The buzzer sounded, Fury jumped up on the ropes to celebrate a momentous victory and we went to the scorecards. The smart people in the room had Fury winning maybe 8 or 9 of the 12 rounds with his greater output and superior ringcraft. But fight fans, there would be one more twist in the tale. The evil tentacles of boxing corruption had emerged from the depths, and the fight was judged a draw! Every spectator who could count to 10 was stunned.
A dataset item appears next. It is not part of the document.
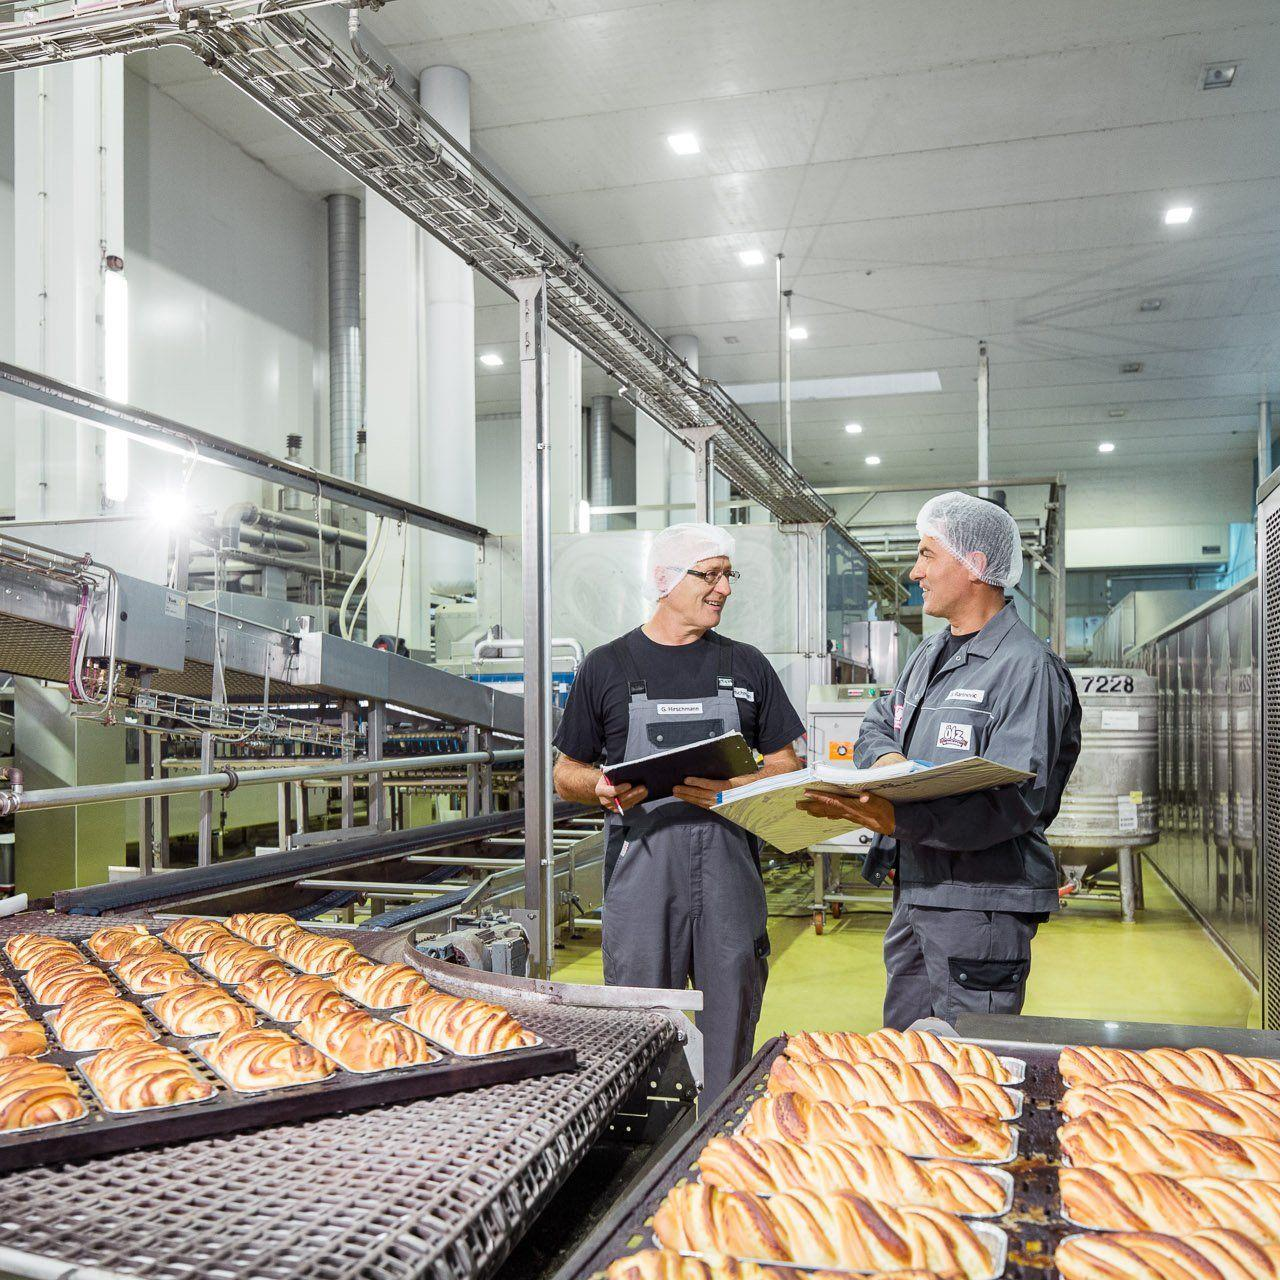 Ölz der Meisterbäcker setzt auf energieeffiziente Herstellung von Backwaren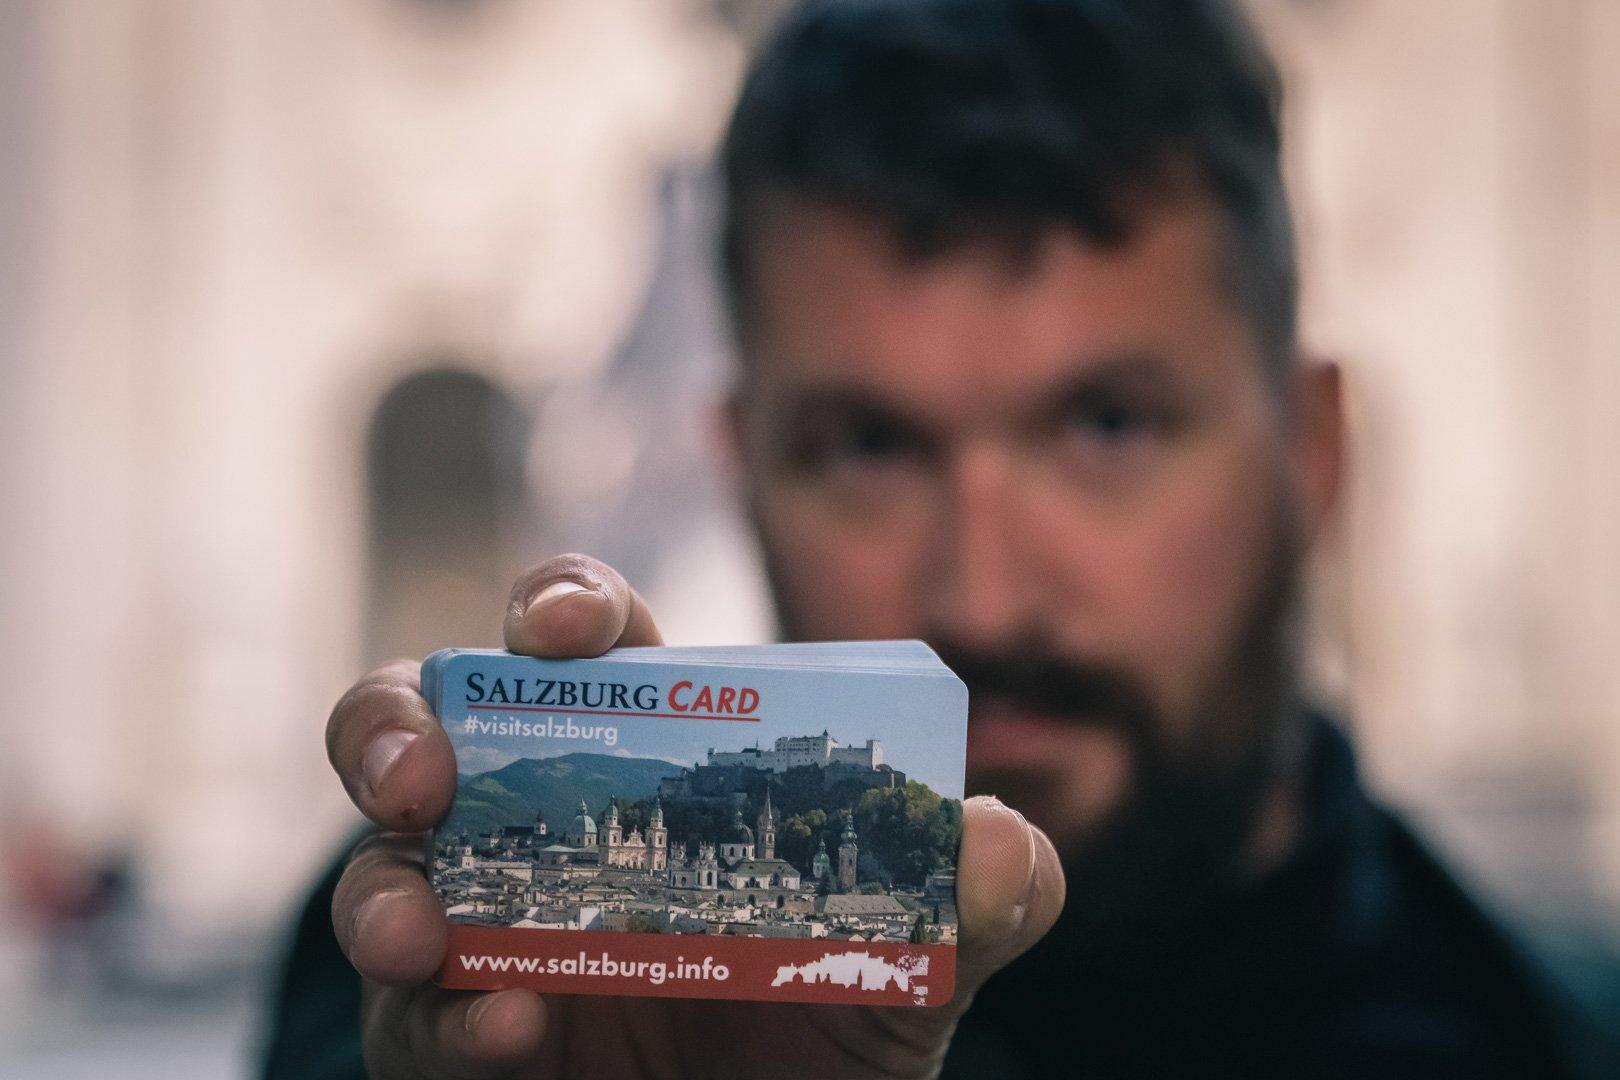 Gerhard Reus and the 24 hour Salzburg Card

Fury took the gross miscarriage with amazing grace. He later informed journalists that his travelling fans were ready to turn the venue into a war zone, had he given the word. He laughed about the injustice, there was no need to point out the absurdity of a result that was plain for all to see.
Following the fight Fury got straight back into the gym. There would be no repeat of the post-Klitschko train wreck. On 15th of June 2019, Fury returned to the ring, making very short work of undefeated Tom German Swartz in 2 clinical rounds of classic boxing. Negotiations for the inevitable Wilder rematch are ongoing. Until then Fury will hopefully continue to carry himself with class and grace. He’s a beacon of heroism in a world lacking in substance, truth, and resolute integrity. He’s a story of redemption, rehabilitation, looking deep within oneself to find the strength and fortitude to continue to fight the good fight. Long may he reign over the boxing world.